Nano antennas enable data transfer


Wednesday, 29 January, 2020

Nano antennas enable data transfer

Physicists from the University of Würzburg have successfully converted electrical signals into photons and radiated them in specific directions using a low-footprint optical antenna that is only 800 nm in size. Their work, claimed to be a world first, has been published in the journal Nature Communications.

Directional antennas convert electrical signals to radio waves and emit them in a particular direction, allowing increased performance and reduced interference. This principle, which is useful in radio wave technology, could also be interesting for miniaturised light sources. After all, almost all internet-based communication utilises optical light communication. Directional antennas for light could be used to exchange data between different processor cores with little loss and at the speed of light. To enable antennas to operate with the very short wavelengths of visible light, such directional antennas have to be shrunk to nanometre scale.

The Würzburg physicists have now described for the first time how to generate directed infrared light using an electrically driven Yagi-Uda antenna made of gold, developed by the nano-optics working group of Professor Bert Hecht. But what does a Yagi-Uda antenna for light look like?
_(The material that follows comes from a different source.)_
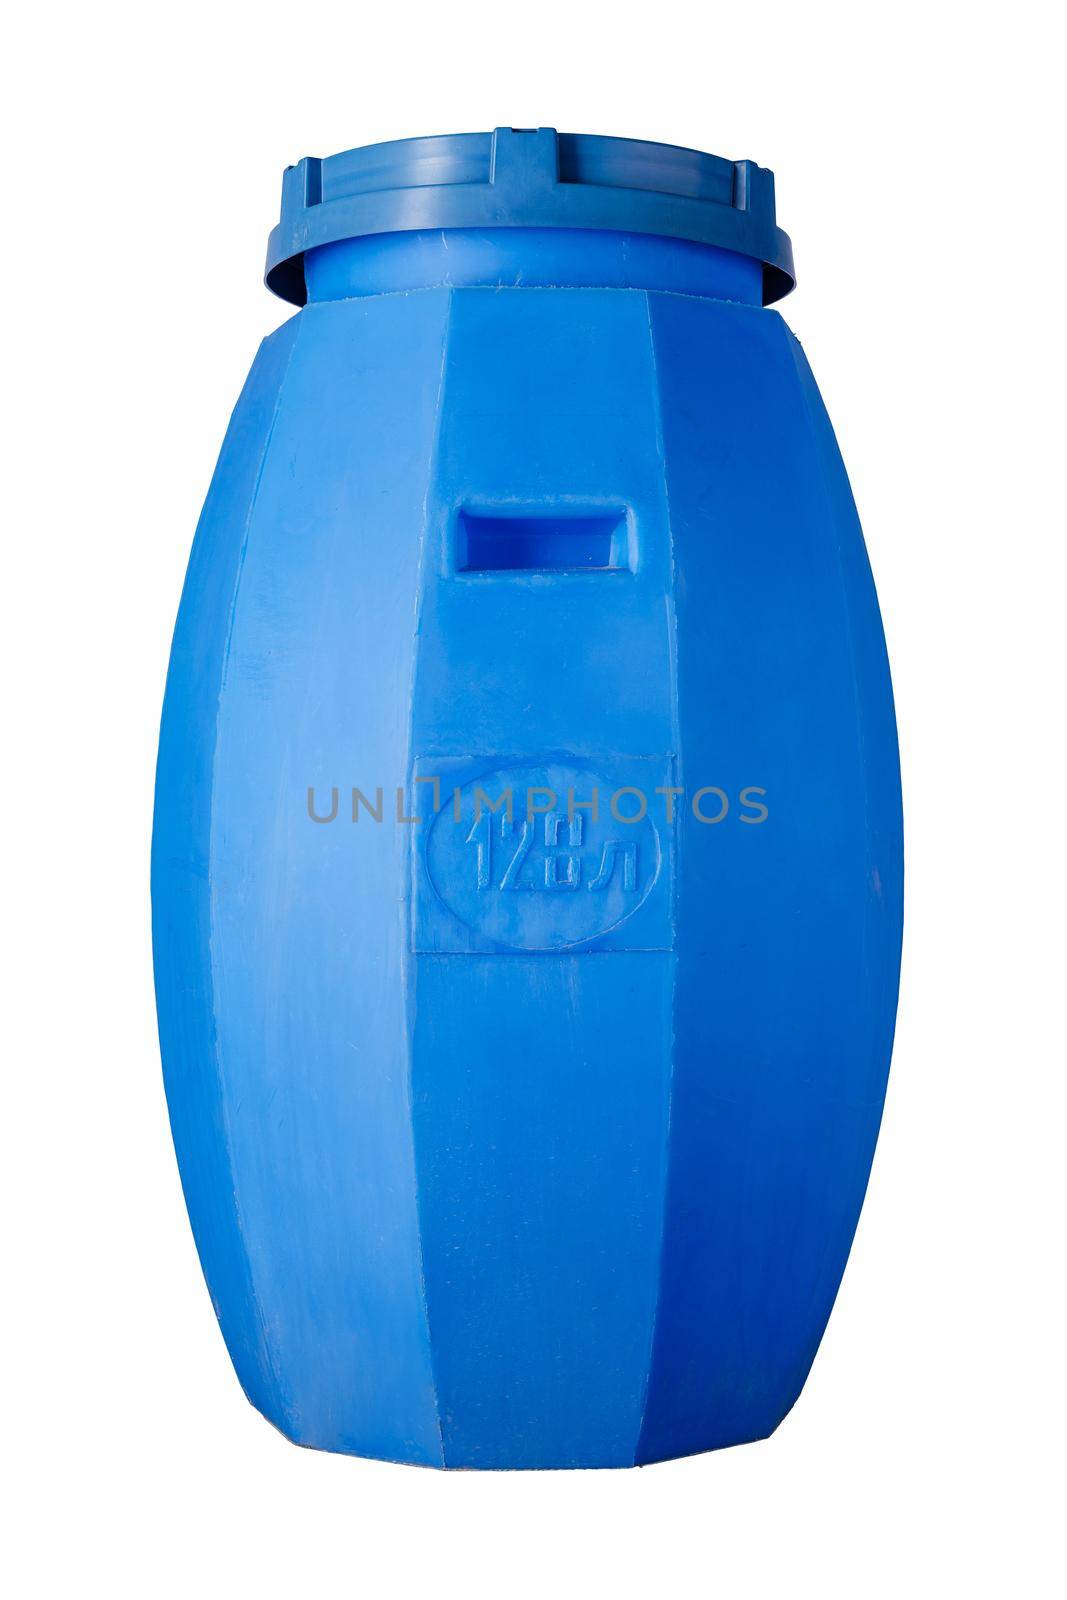 Blue plastic water tank isolated on white by Fabrikasimf

“Basically, it works in the same way as its big brothers for radio waves,” said Dr René Kullock, a member of the nano-optics team. An AC voltage is applied that causes electrons in the metal to vibrate and the antennas radiate electromagnetic waves as a result.

“In the case of a Yagi-Uda antenna, however, this does not occur evenly in all directions but through the selective superposition of the radiated waves using special elements, the so-called reflectors and directors,” Dr Kullock said. “This results in constructive interference in one direction and destructive interference in all other directions.” Accordingly, such an antenna would only be able to receive light coming from the same direction when operated as a receiver.

Some time ago, the Würzburg physicists were able to demonstrate that the principle of an electrically driven light antenna works. But in order to make a relatively complex Yagi-Uda antenna, they had to come up with some new ideas. In the end, they succeeded thanks to a sophisticated production technique.

“We bombarded gold with gallium ions, which enabled us to cut out the antenna shape with all reflectors and directors as well as the necessary connecting wires from high-purity gold crystals with great precision,” Prof Hecht said.

Next, the physicists positioned a gold nanoparticle in the active element so that it touches one wire of the active element while keeping a distance of only 1 nm to the other wire. Dr Kullock said, “This gap is so narrow that electrons can cross it when voltage is applied using a process known as quantum tunnelling.” This charge motion generates vibrations with optical frequencies in the antenna, which are emitted in a specific direction thanks to the special arrangement of the reflectors and directors.

The Würzburg researchers are fascinated by the unusual property of their novel antenna that radiates light in a particular direction although it is very small. As in their larger counterparts, the radio wave antennas, the directional accuracy of light emission of the new optical antenna is determined by the number of antenna elements.

“This has allowed us to build the world’s smallest electrically powered light source to date which is capable of emitting light in a specific direction,” Prof Hecht said, though much work still needs to be done before the new invention is ready to be used in practice.